EXERCISE INSTRUCTIONS:
Copy out the entire listing below exactly, but without its pictures.
EXERCISE DATA Block Start
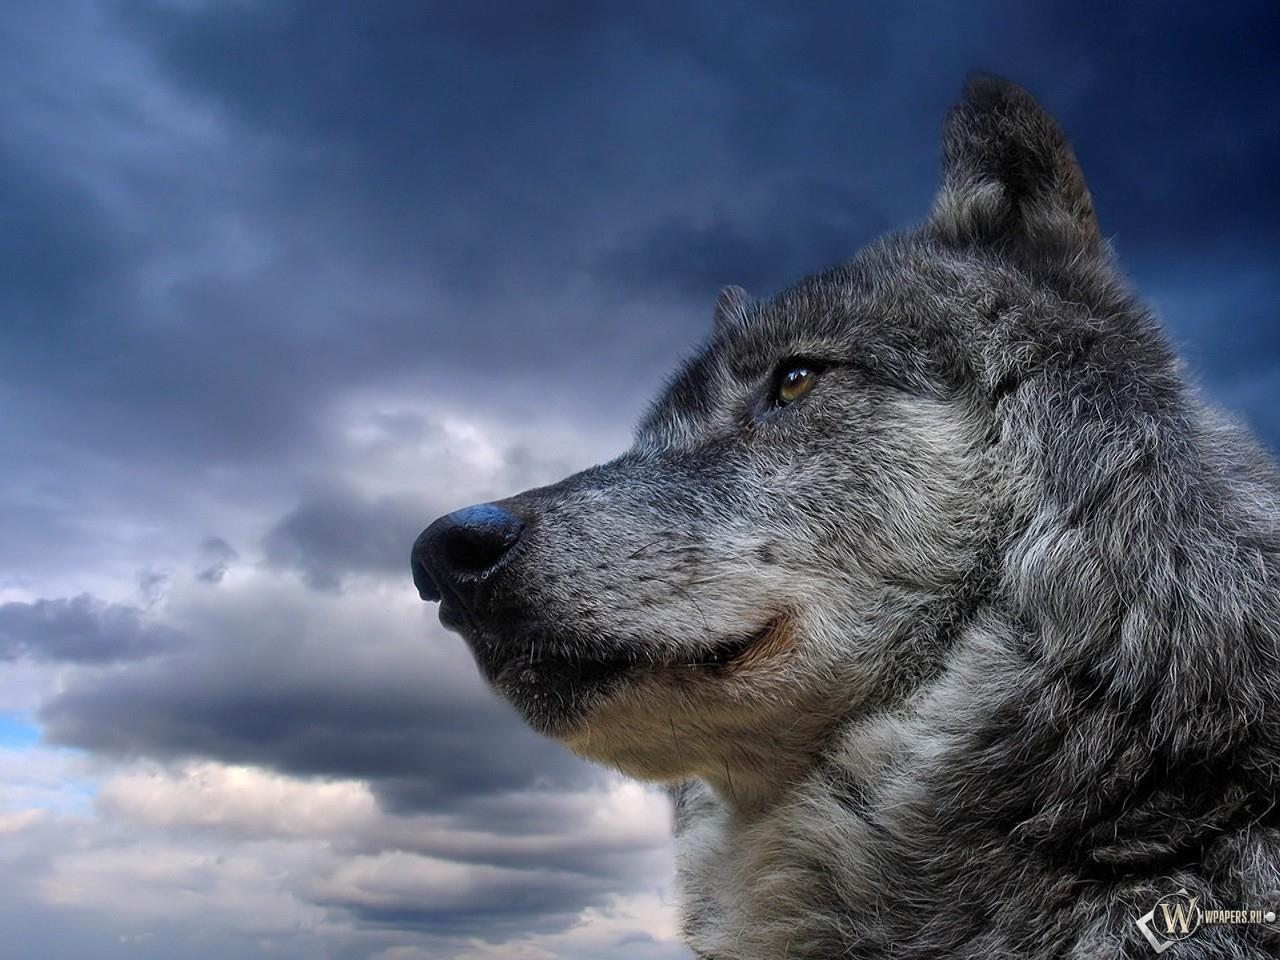 Wolf, волк на фоне неба, фото, обои для рабочего стола, фото волков
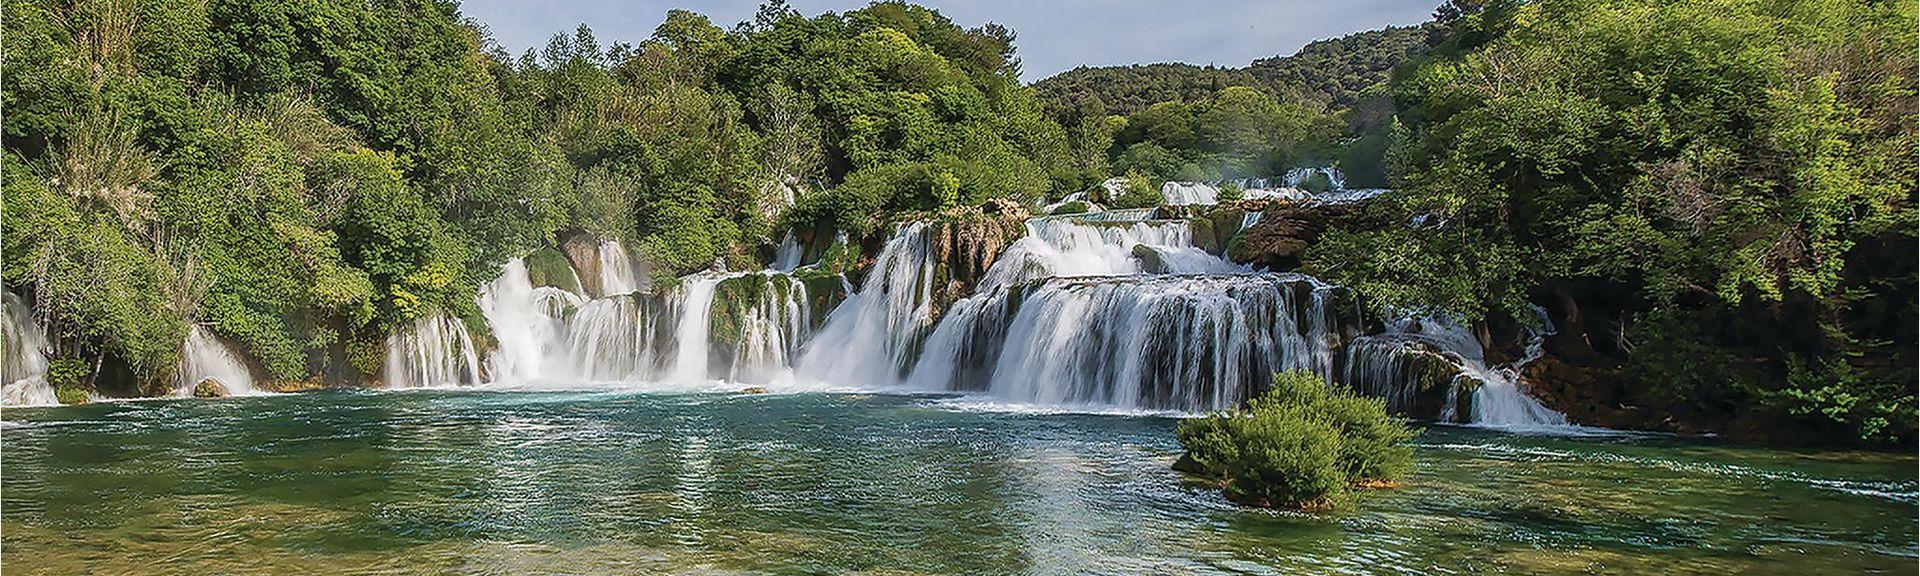 Bićine, Comitat de Šibenik-Knin, Croatie
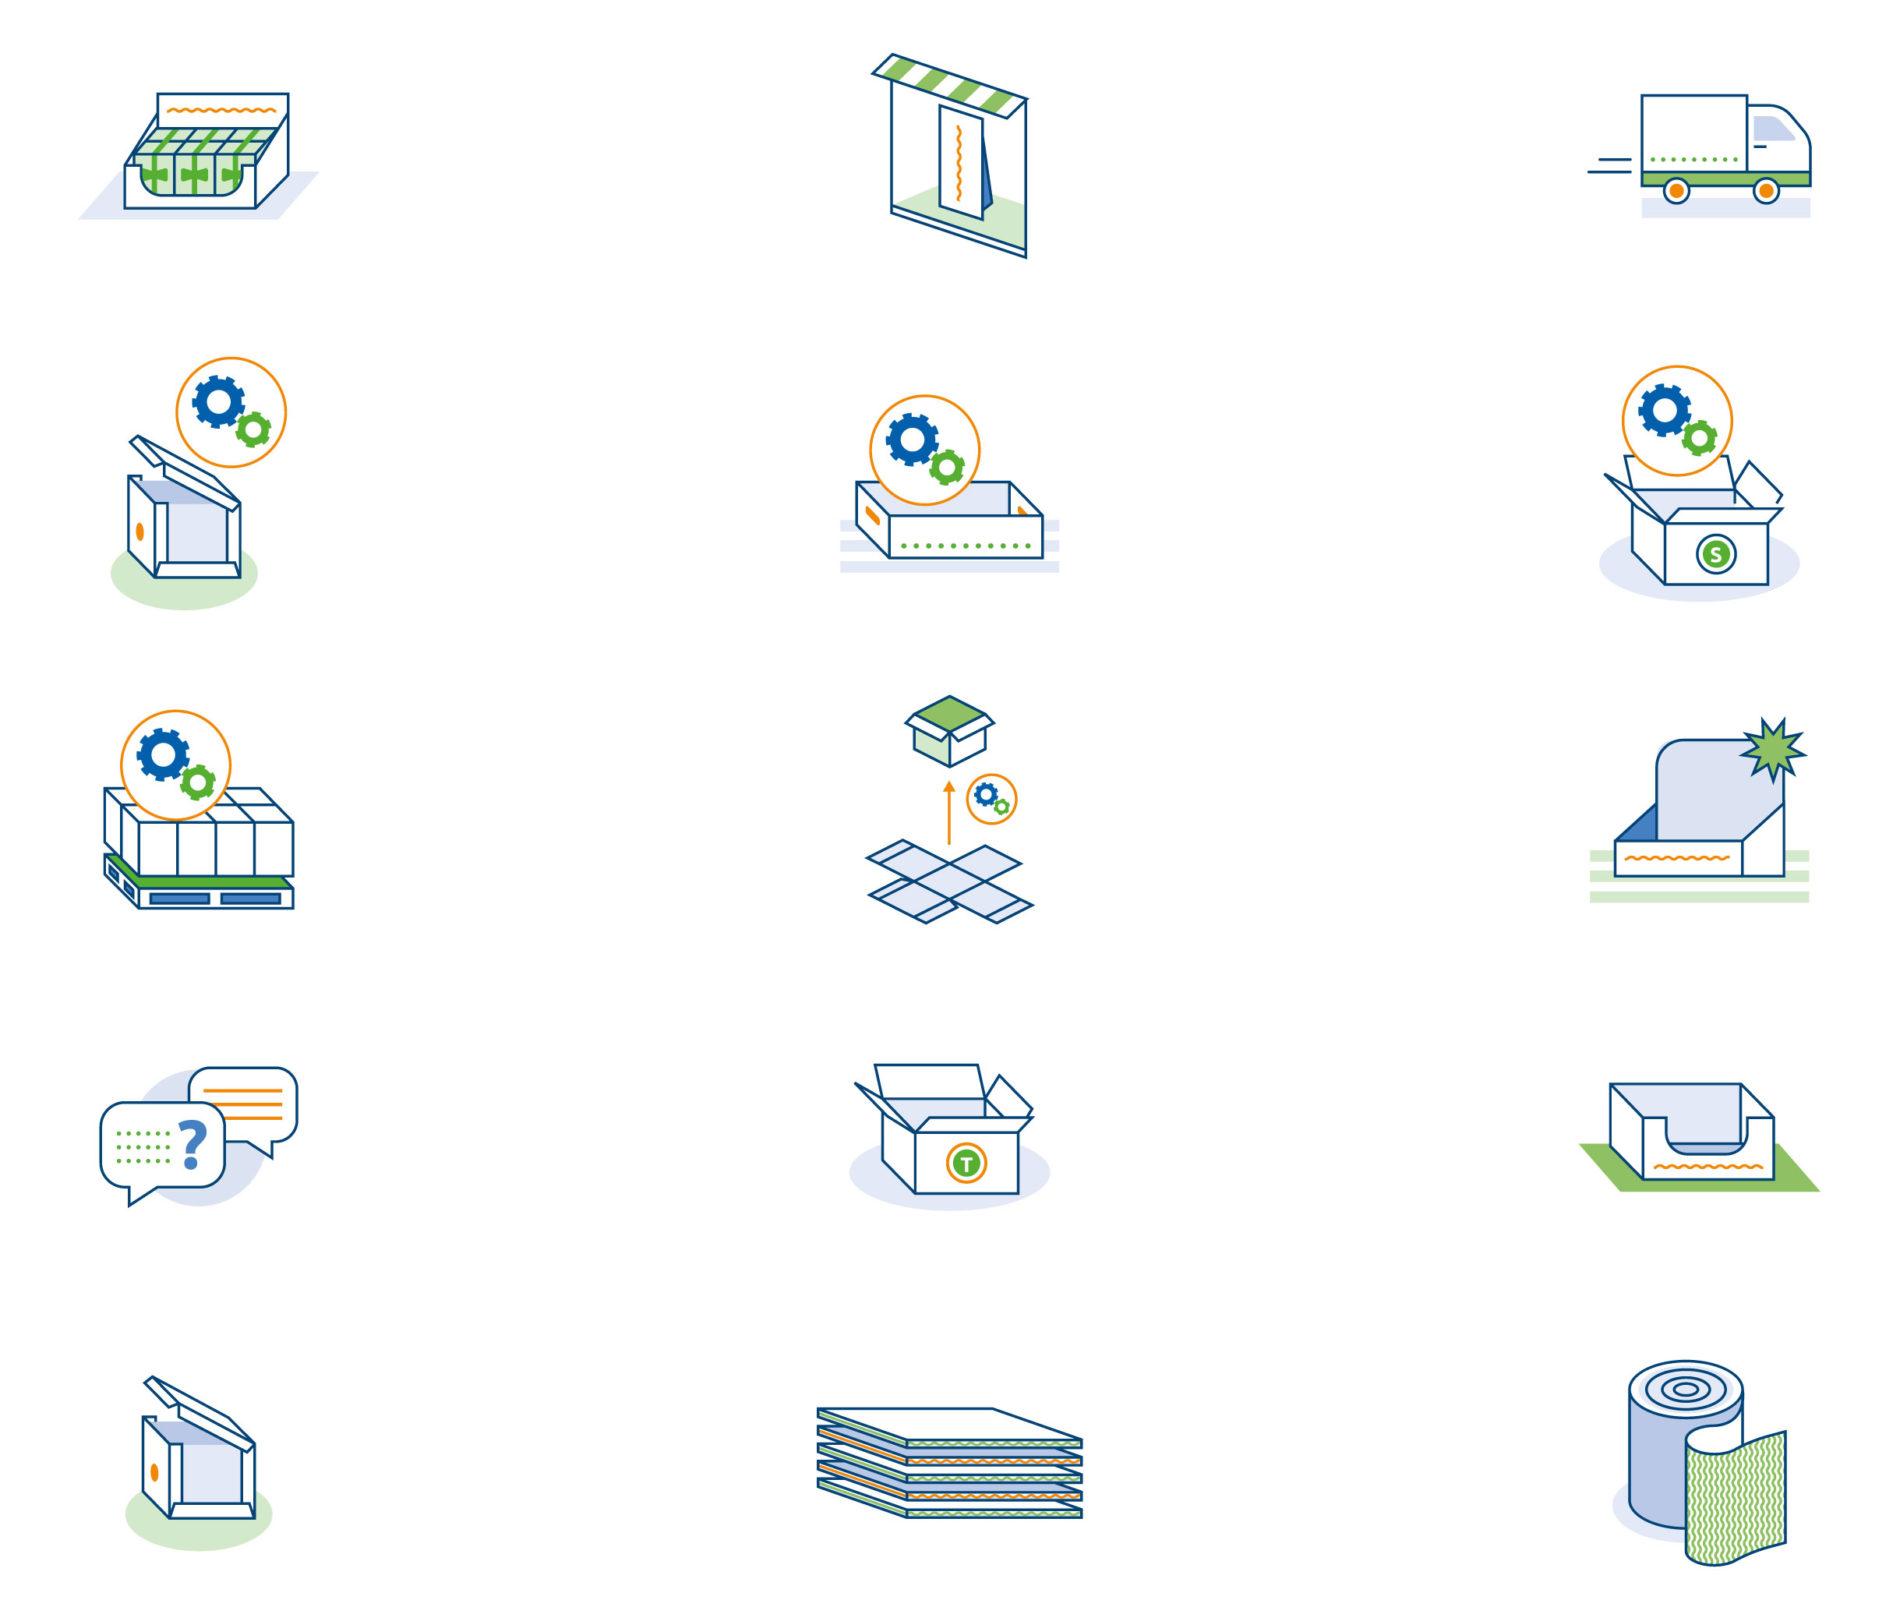 Dit zijn nog voorbeelden van iconen.
EXERCISE DATA Block End
SOLUTION TO THIS EXERCISE:
 Wolf, волк на фоне неба, фото, обои для рабочего стола, фото волков
 Bićine, Comitat de Šibenik-Knin, Croatie
 Dit zijn nog voorbeelden van iconen.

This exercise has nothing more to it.